Secrets

Ansible handles secrets using a feature called Vault.

Vault lets you encrypt any of your .yml files, but typically you’d apply it to files containing variable definitions, then use the variables’ values as needed elsewhere.

Vault provides subcommands that let you encrypt a file in place, decrypt a file in place, edit a file that’s encrypted in one step, etc.

When ansible is running your playbook or whatever, any time it comes across a .yml file that appears to be encrypted, it will decrypt it (in memory) and use the decrypted contents, fairly transparently. You can have as many of your files encrypted as you want.

However, all the encrypted files have to use the same password.

Providing the password to Ansible

  1. Have Ansible prompt for it by passing --ask-vault-pass. Most secure, but inconvenient.

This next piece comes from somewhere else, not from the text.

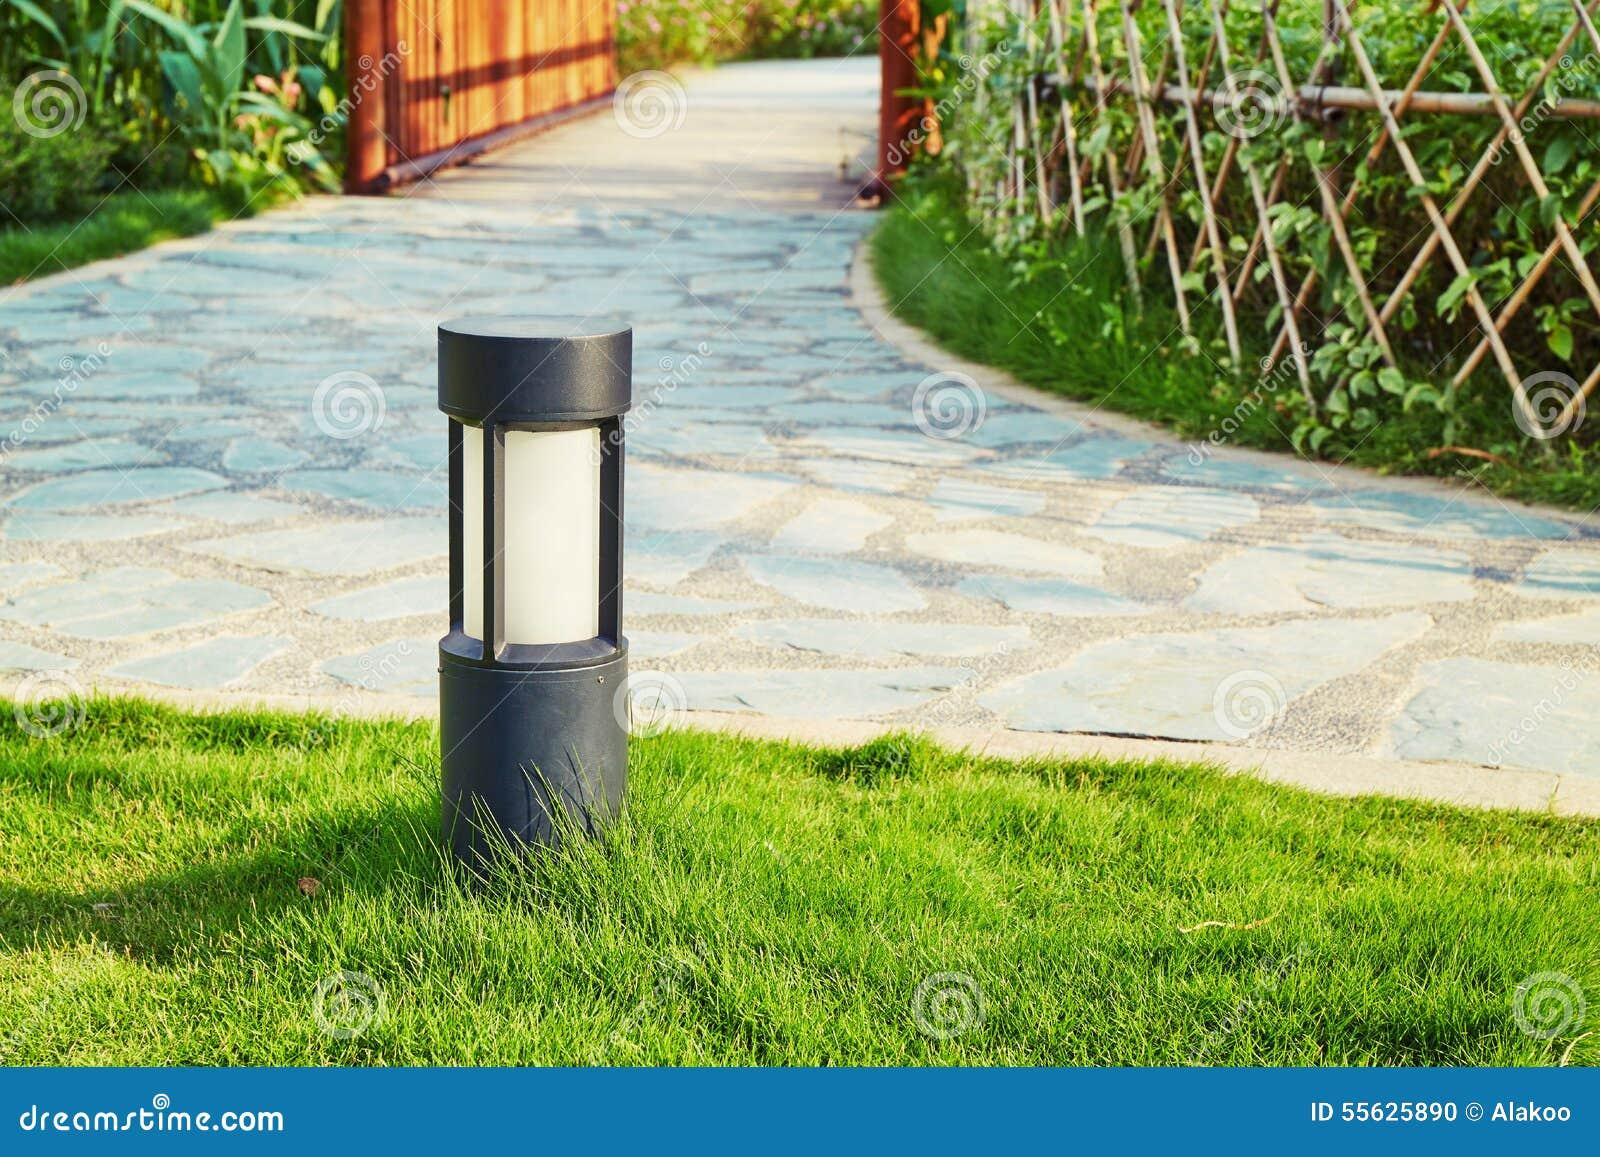 Lawn Lamp Garden Light Outdoor Landscape Lighting Stock

  2. Put it plaintext in a well-protected file, and pass --vault-password-file <filename>. Most insecure, but more convenient than the prompt.

  3. Write a script or program that outputs the password on stdout, mark it executable, and pass that: --vault-password-file <path-to-program>. This makes it possible to use a local system keychain or something, which might be more secure than the other options. Or worse…

Ways to use it

One approach I’ve used is to have a single encrypted secrets.yml file in my base directory containing all my secret variables, and another file with very restrictive permissions (and outside of source control) containing my password, then add these arguments when running ansible:

--extra-vars @secrets.yml --vault-password-file path/to/passfile

The advantage of that is that if I don’t need the secrets, I can leave all that off and Ansible will run fine. (As opposed to having the encrypted file automatically read by Ansible every time.)

I’m not sure if that will scale, though.

Limitations

  • This is symmetric encryption. In other words, anyone with the password can encrypt and decrypt a file.

  • All the encrypted files must be encrypted using the same password.

  • That means you have to protect the decrypting password (the only password) very carefully, and makes providing it to Ansible awkward.